Do both. Set up a budget based on what you think will work for you and your desired savings rate. Then track everything you spend and compare it to the budget -- not necessarily daily/weekly, but keep track over time to see how it feels. Does it feel too tight so that you feel stressed or deprived? Is there a particular category you're always struggling to meet? Does the budget feel like a good constraint on impulsive purchases? Then adjust your budget to better suit you -- and check your new savings rate against the chart to see if you are still happy with the time to FIRE.
The idea isn't to hit some artificial savings rate, it's to find a budget and lifestyle that will make both Current You and Future You happy -- not blowing so much now that Future You will curse Current You because you spent so much that he needs to work forever, but also not living like a monk to hit a specified savings rate if that doesn't make you happy and you don't want to live that lifestyle forever. Budgeting and tracking make you conscious of the limits you have imposed on yourself, so that you can weigh the current benefits of each purchase against the future costs in terms of time at work.
Personally, I account for current savings just by knocking the number of years that equates to off the projection. So say your projected FI budget is $30K/yr, and you have $100K saved. If you save 60%, that says 12.5 years if you started from scratch. But since you have $100K saved already, you've got your first 3+ years covered. So really, that takes you down to 9-9.5 years. That's conservative, because it ignores the growth you'll get over that 9-ish years, but the whole savings % is just a ballpark anyway.

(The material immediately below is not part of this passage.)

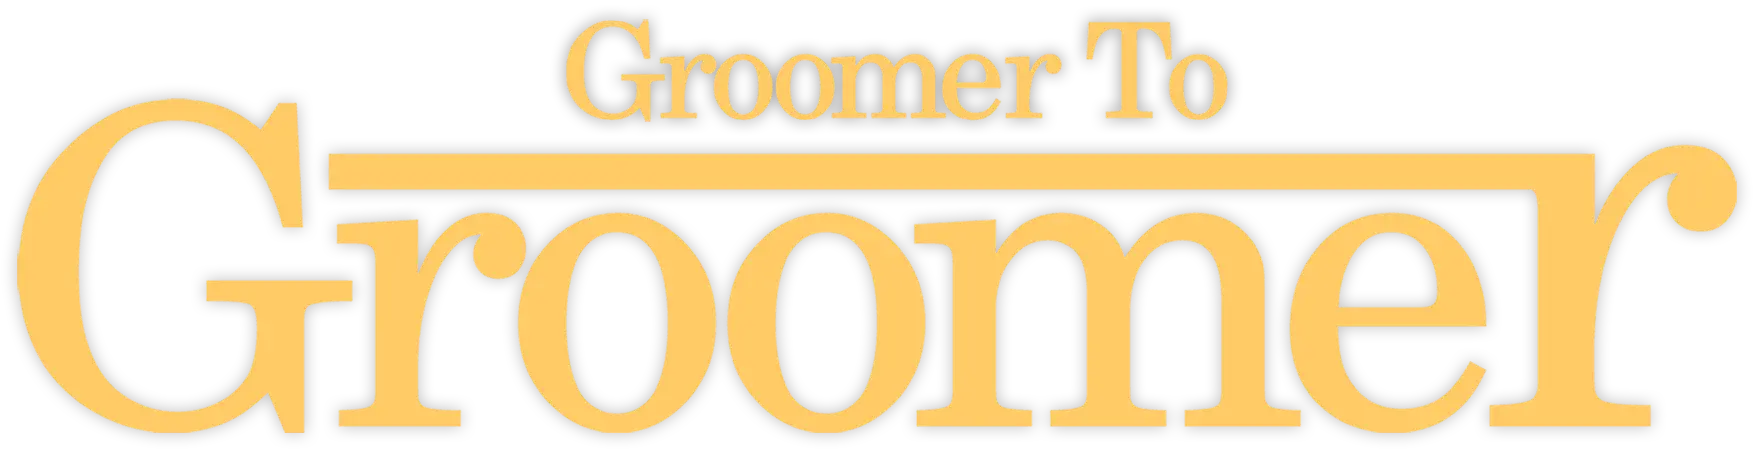 Groomer to Groomer logo
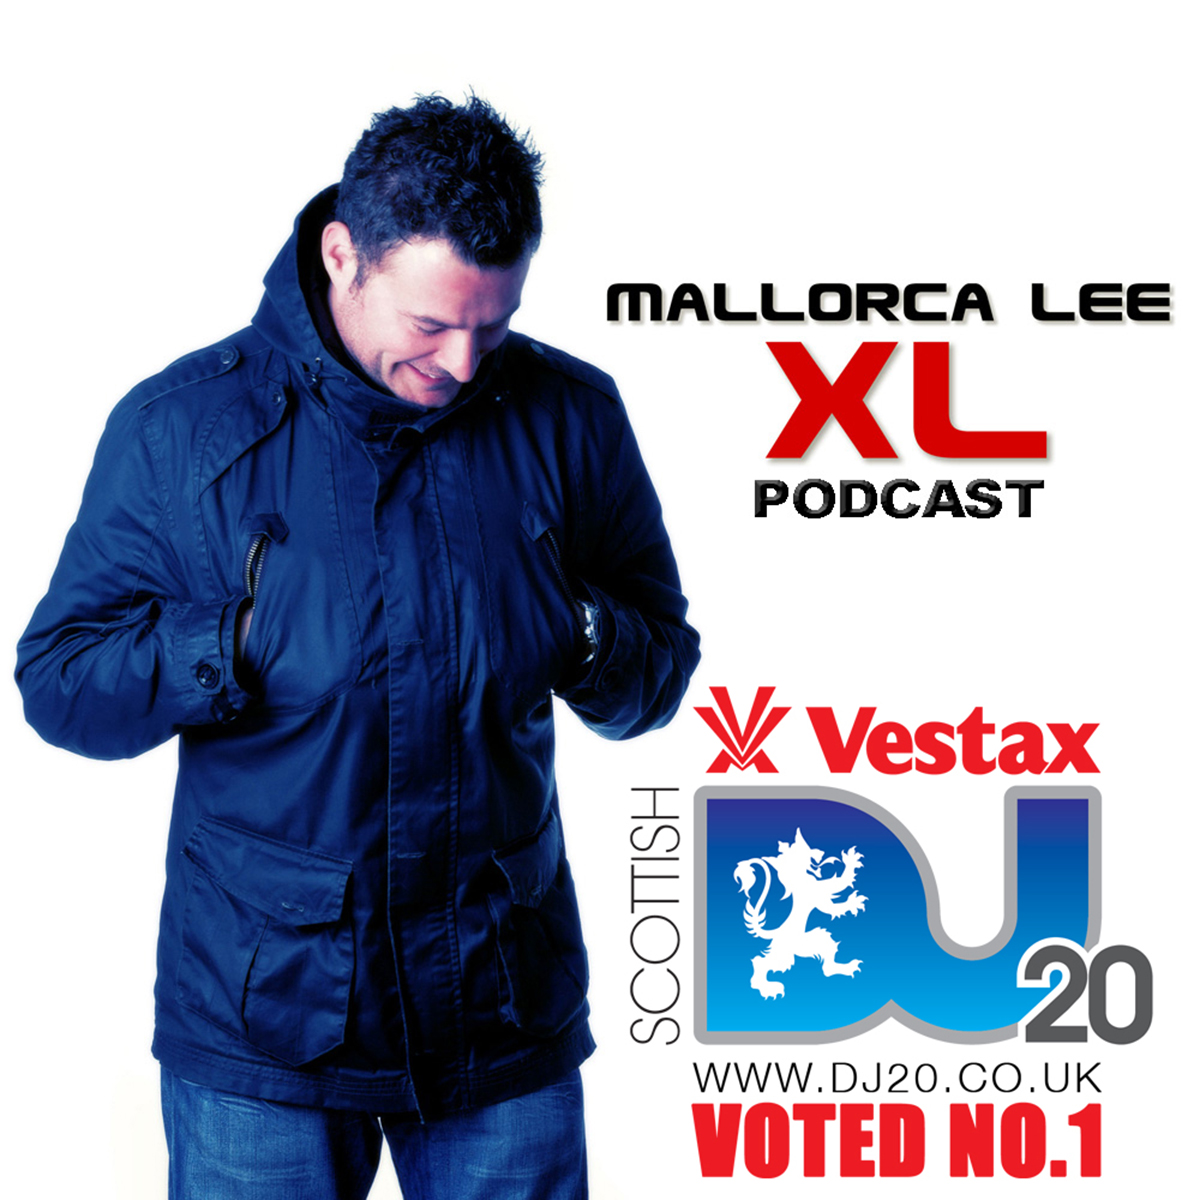 Mallorca Lee’s XL Podcast ep.24 The Vestax Scottish DJ20 No.1 2012

The key distinction is that savings % can give you a sense of your time to FI and a good target, but that assumes that you maintain the same income and same future retirement budget as you currently have -- because, as you noted, when you made less money in the past, you might have saved 60% back then, but if your desired lifestyle has inflated, you're not as far along that 12.5-year path as you thought. So if your planned future RE budget is higher than the percent you are currently spending, you will need to save more than what the chart says to hit that target in the same period of time.
If you want more targeted projections, you should look at one of the more detailed calculators people have posted here.